▶ **TASK TO CARRY OUT**
Please repeat, from the entries that follow, the lines from the one containing "Sleepy wolf" through the one containing "JVmoebel Sofa Sofa" exactly, adding nothing.

▶ **DATA TO PROCESS**
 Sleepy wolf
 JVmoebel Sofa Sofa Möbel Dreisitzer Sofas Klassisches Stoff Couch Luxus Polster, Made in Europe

* * *

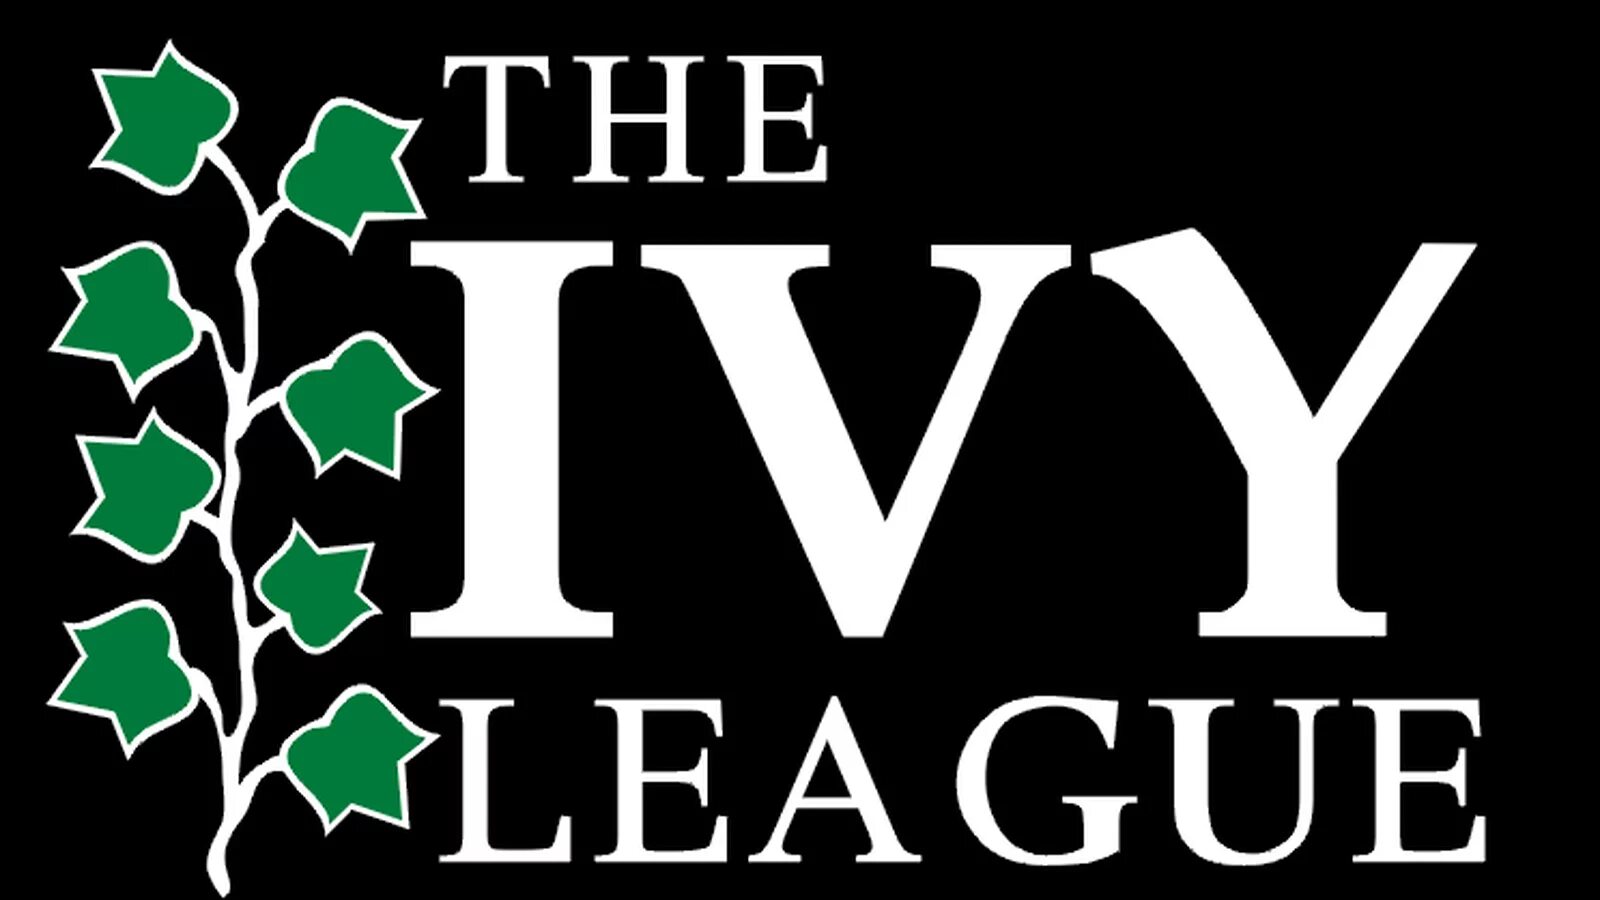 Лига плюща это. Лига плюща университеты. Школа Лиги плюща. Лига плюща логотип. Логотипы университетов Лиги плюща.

▶ **WRITTEN SOLUTION**
 Sleepy wolf
 JVmoebel Sofa Sofa Möbel Dreisitzer Sofas Klassisches Stoff Couch Luxus Polster, Made in Europe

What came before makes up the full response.